就業時間の終わりには、どうか時間通りに仕事が終わりますように、そして、早く自分を取り戻して家に帰りたいといつも思う。
ブレイクマン:産業時代は終わったと誰もが信じている現代においてでも、その頃正しいとされていた生産性を上げるための組織や働き方は、いまだ健在です。
従業員は、機械の延長として「効率性」を上司から掲げられながら仕事をこなすだけの存在になっています。
組織の歯車として、人間らしさを捨て、考えることを捨て、自分がこなしている仕事は何のためなのか、意味があることなのか考える余地も与えられません。
過去や成功例が、今起こっていることやこれから起こりうることを決して教えてはくれない変化の激しい時代において、個々人の自由な発想思考こそが企業の課題解決や事業拡大の牽引力になりうるのにもかかわらず、です。

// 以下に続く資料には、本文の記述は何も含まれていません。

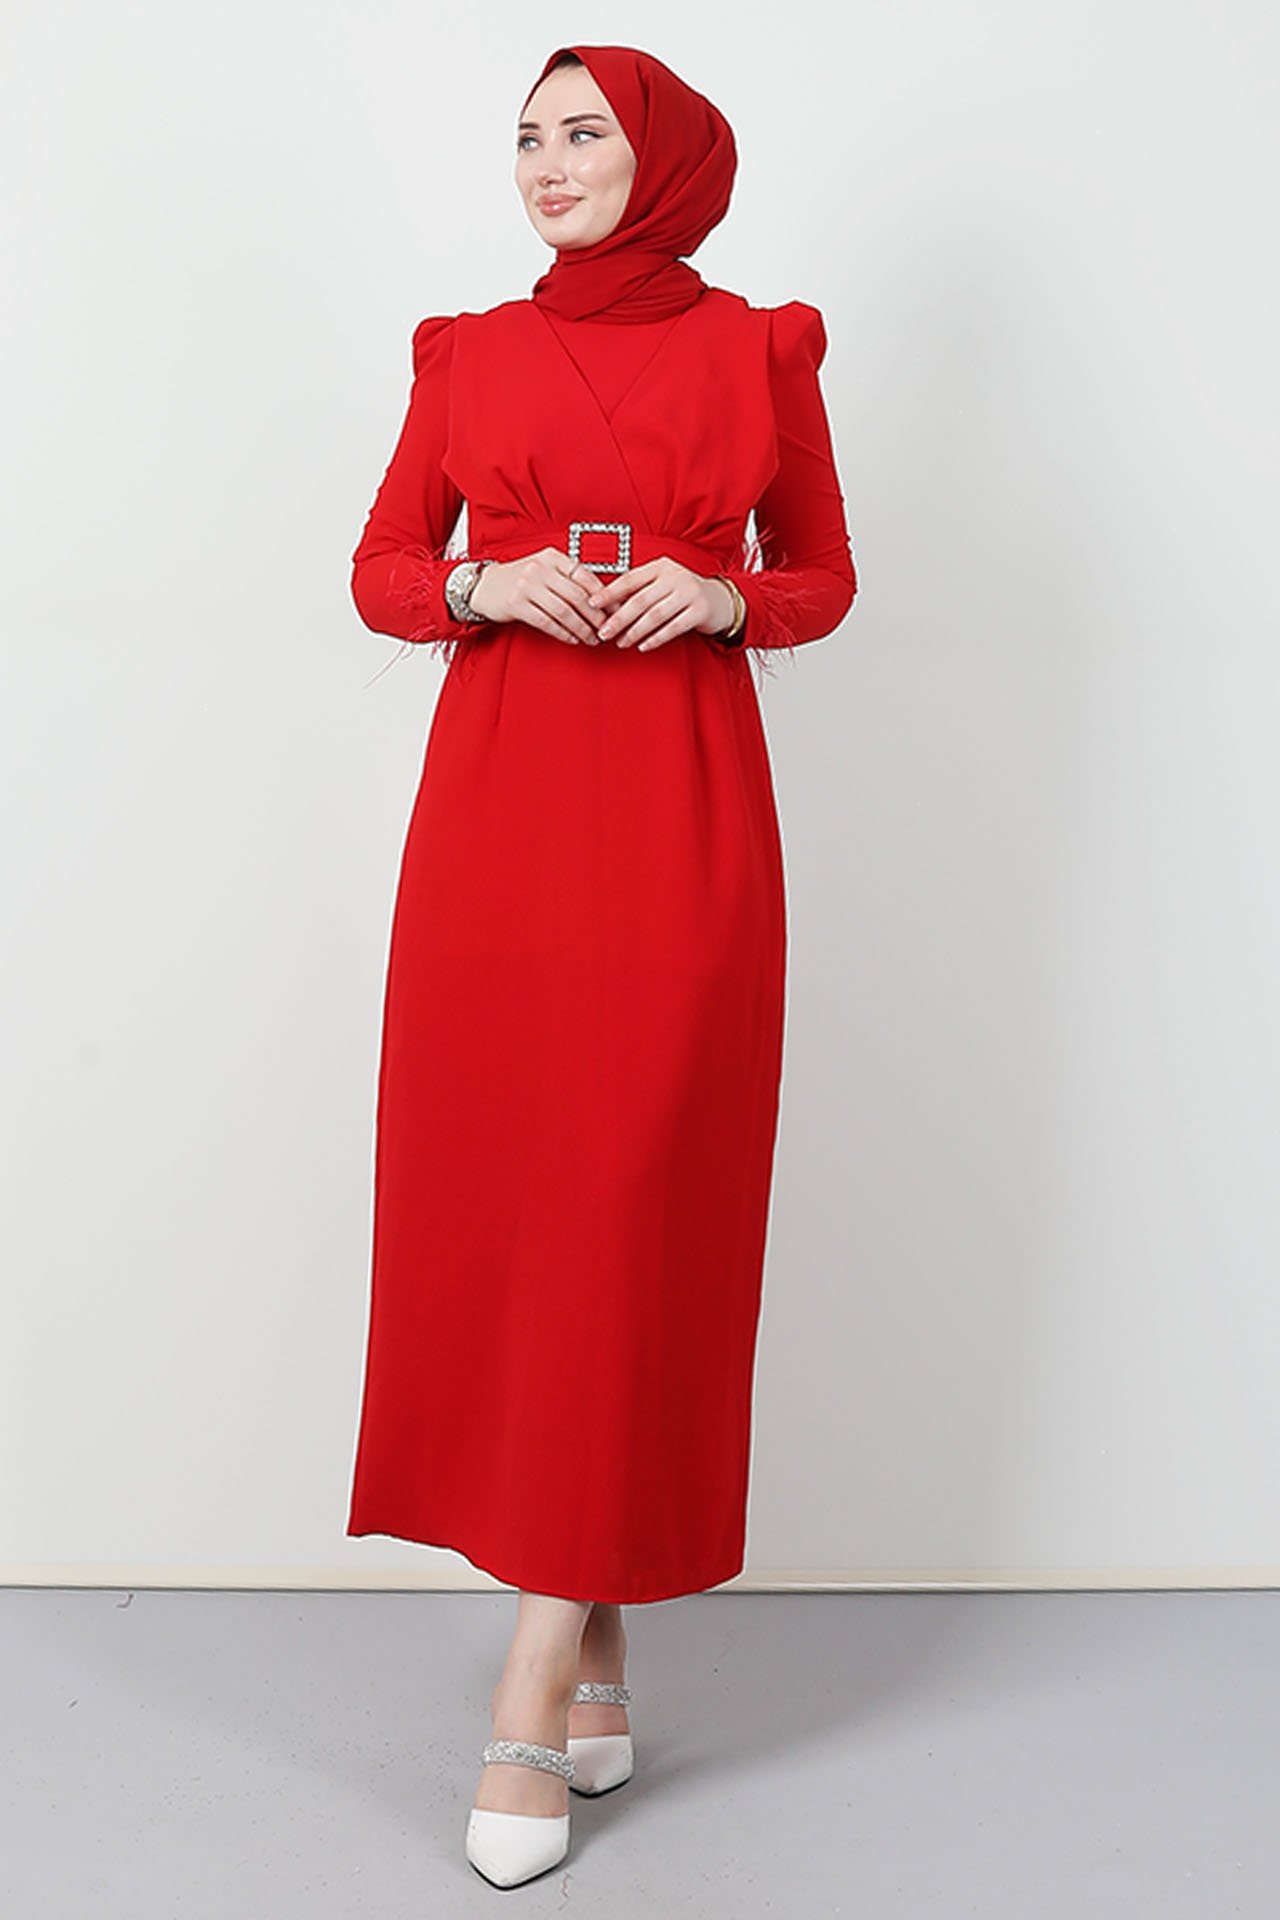 GİZAGİYİM - Tüy Detay Tesettür Elbise Kırmızı

WHO、WHAT、WHEN、WHERE、HOW あるいは WHY? この中で最も人間らしい質問はなんでしょうか?
ブレイクマン:答えは、WHYであり、創造的プロセスで必要不可欠な問いかけもまた、WHYです。しかしながら、多くの企業では、この150年もの間、職場でWHYと尋ねることは許されていなかった。
WHYと尋ねようものならば、職場に順応できない人というレッテルを張られてしまうかもしれない。そのことこそが、職場から人間性を奪っている現象そのものを表しているのです。
「従業」員になってはいけない
従業員がWHYと尋ねることができる、すなわち「人間らしく」働ける職場というのは、従業員がどのような状態にあるのでしょうか。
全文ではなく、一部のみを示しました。